Am liebsten würde ich ja mal einen ganzen Sommer in London verbringen. Ein verlängertes Wochenende ist für diese Stadt einfach nicht ausreichend. Wenn man erst einmal weiß, wo es was gibt, und welche Stadtteile einem gefallen, dann kann man fern der klassischen Sightseeing Spots einen Eindruck erhalten, wie es sich wohl in London leben lässt. Eine Wohnung in London werde ich mir wohl niemals leisten können, doch das kulturelle Angebot wäre definitiv ein Pluspunkt für die Metropole an der Themse.

Immerhin gibt es in London etwa 200 Museen. Und alle buhlen um Besucher und möchten sich mit Sonderausstellungen gegenseitig übertreffen. Erstaunt war ich, dass zahlreiche Museen in London kostenlos sind. In Deutschland habe ich oft das Gefühl, Kunstausstellungen seien einer gewissen Elite vorenthalten.
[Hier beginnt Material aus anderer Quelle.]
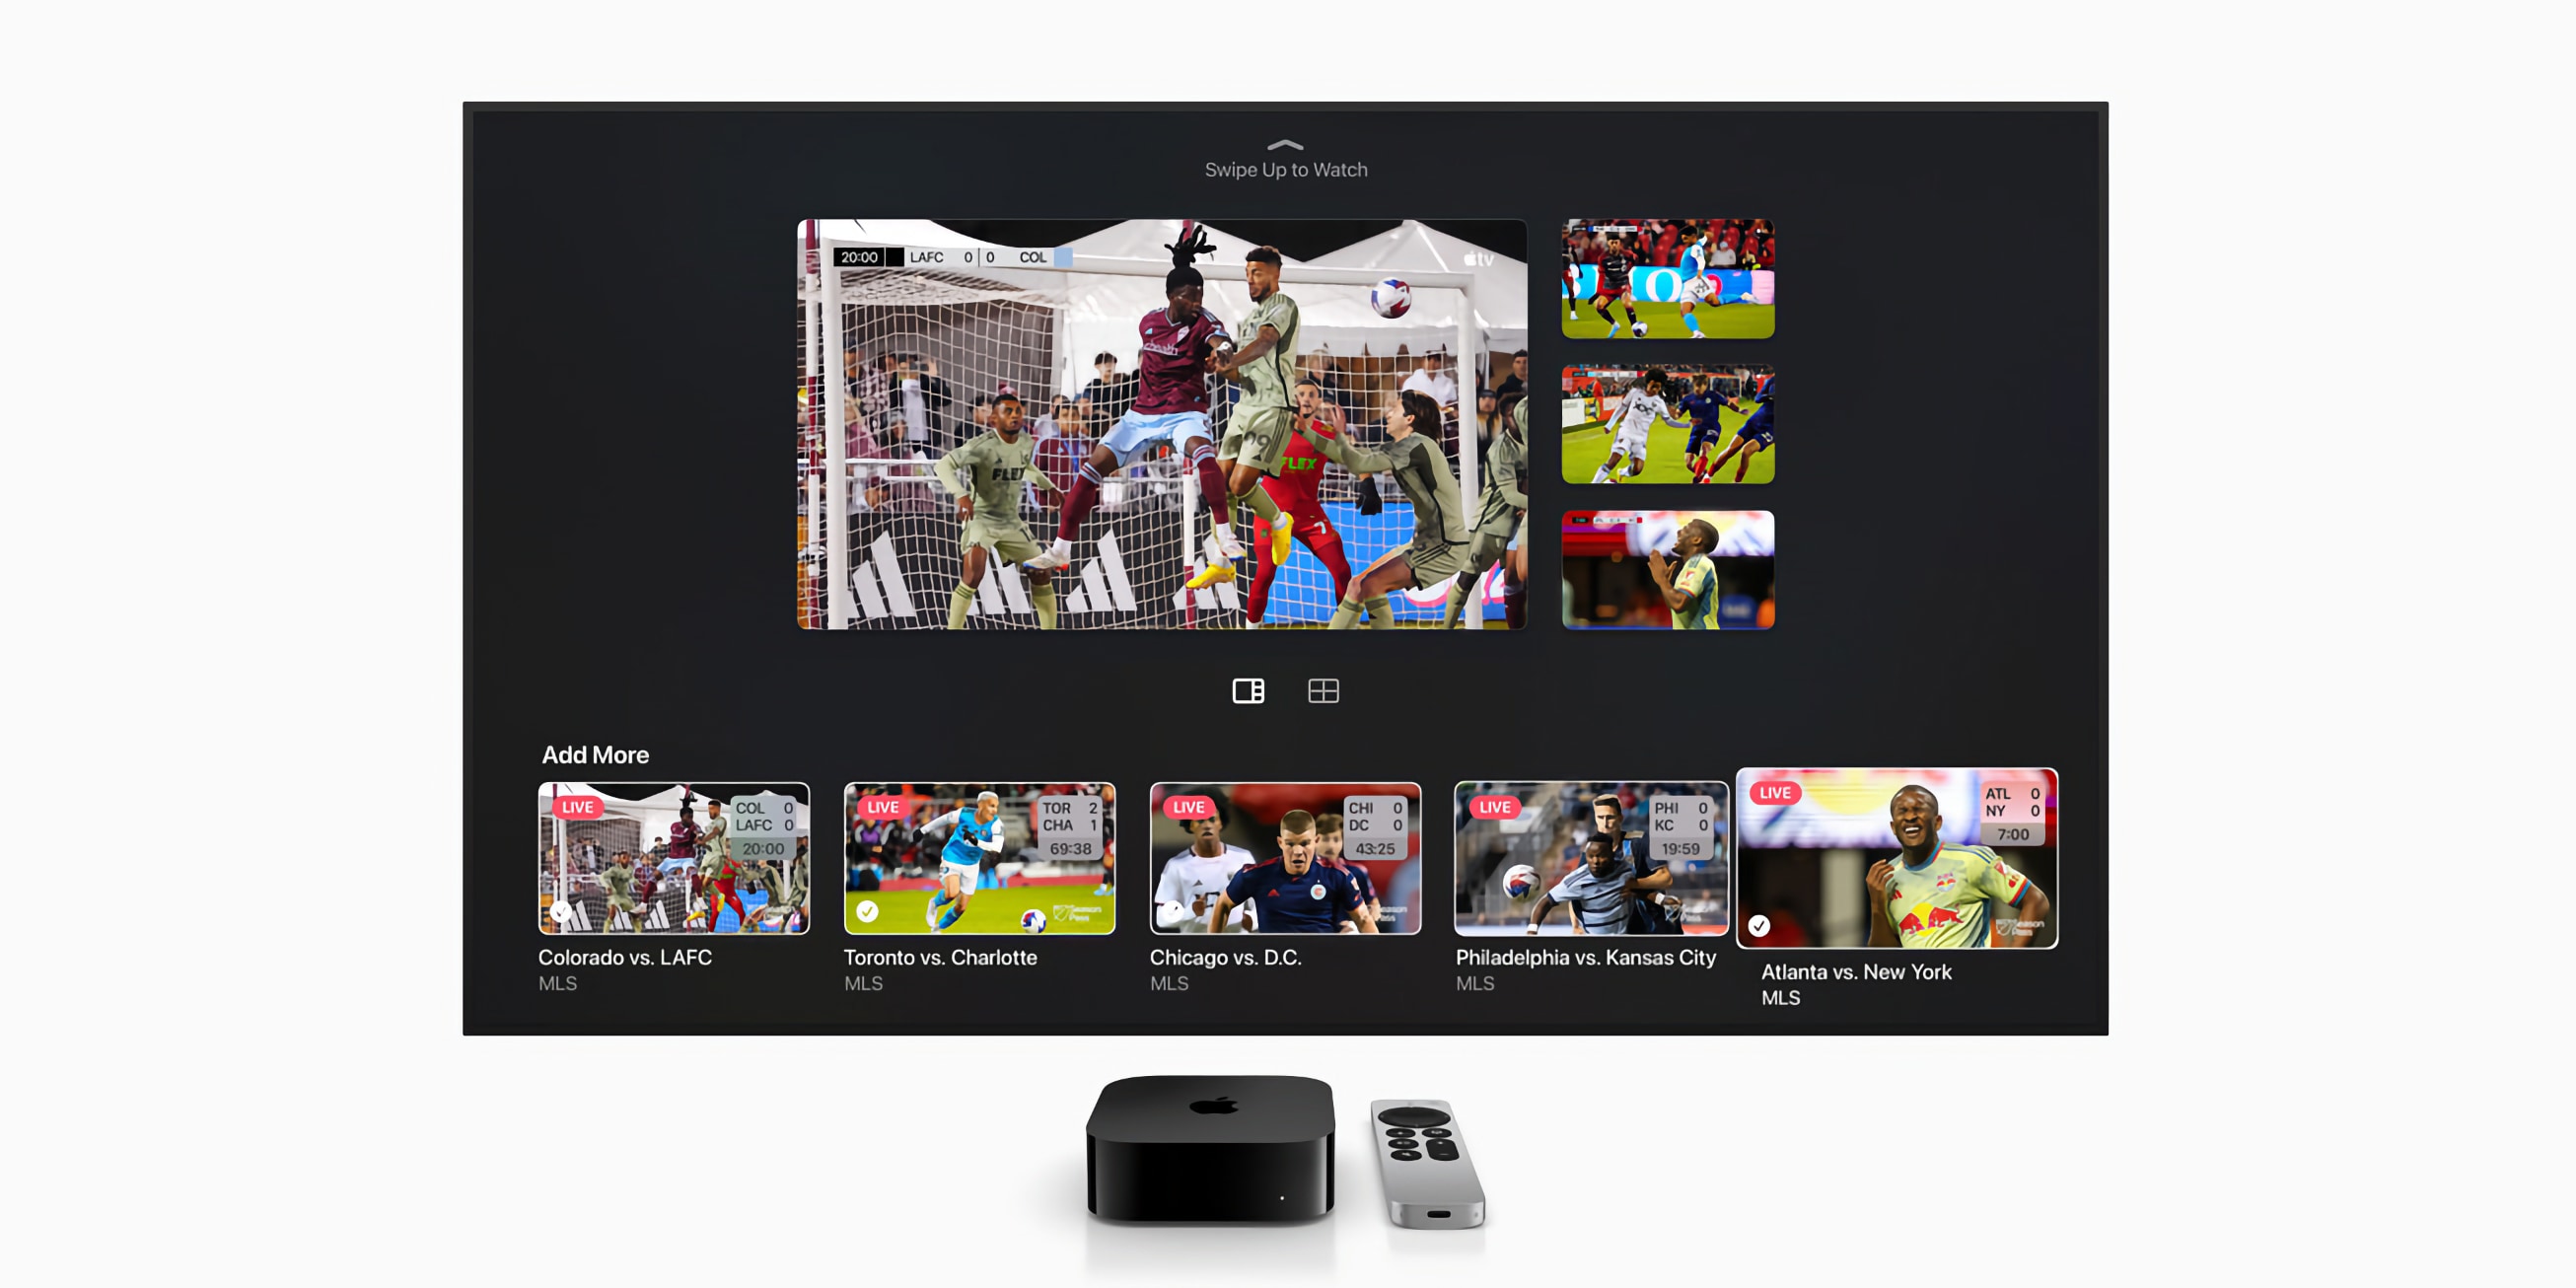 Apple TV officially launches Multiview feature for live sports in TV app

Jenen, die sich einen Eintritt zwischen von 10 bis 20 Euro regelmäßig  leisten können.

Aber in London: Da kann man sich einfach mal einem langen Museumstag mit anschließendem Afternoon Tea gönnen oder am Wochenende losziehen, um sich archäologische Exponate, moderne Kunst oder Klassiker der Malerei anzuschauen.
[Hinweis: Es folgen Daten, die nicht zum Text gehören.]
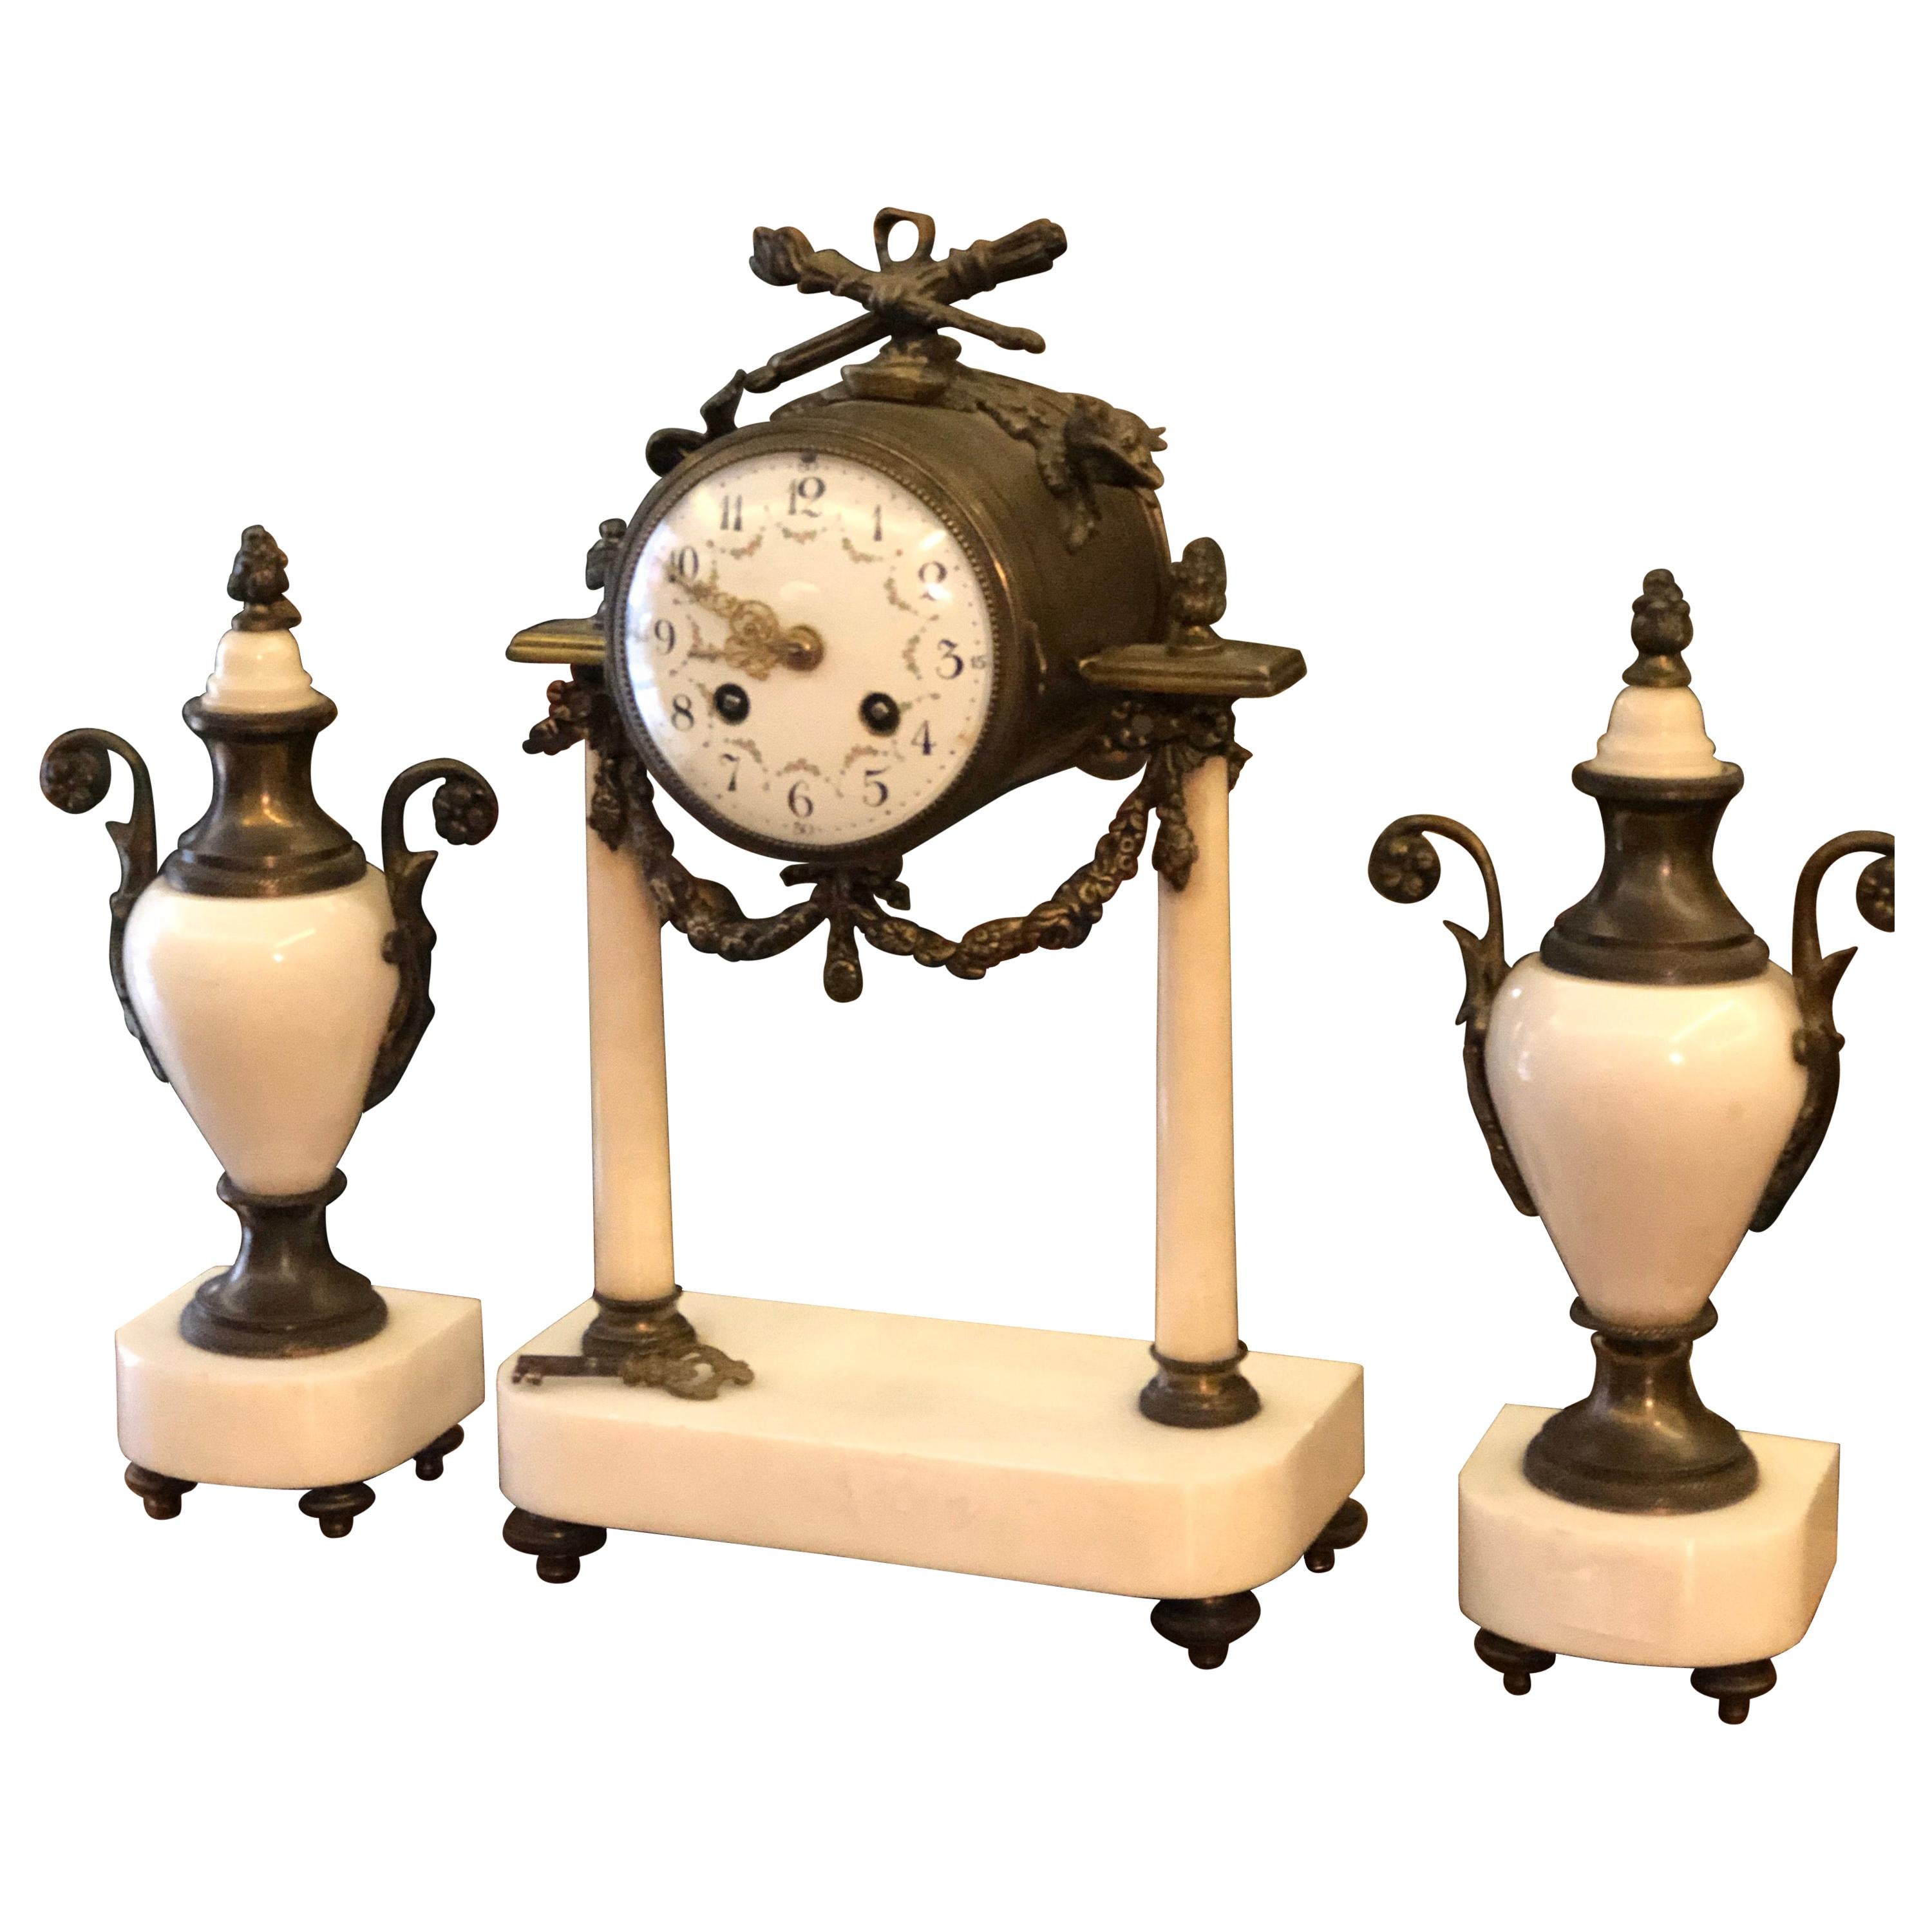 19th Century Bronze Mantel Clock Raised on a Marble Stand with Two Marble Urns

Warum mir Kunst wichtig ist

Beim Betrachten von Bildern kann man darüber sinnieren, was das Bild darstellen soll, welche Symbole versteckt sind und warum es überhaupt entstand. Ein tolles Rätselspiel.

Ich fand den Geschichtsunterricht in der Schule wirklich nicht prickelnd. Mit dem Schulfach tat ich mich schwer. Teilweise Stupides auswendig lernen von Zahlen war nicht so mein Fall. Erst durch die Kunstgeschichte erkannte ich gesellschaftliche, politische und ökonomische Zusammenhänge. Die bildhafte Darstellung der Menschheitsgeschichte war mein Zugang zur Historie.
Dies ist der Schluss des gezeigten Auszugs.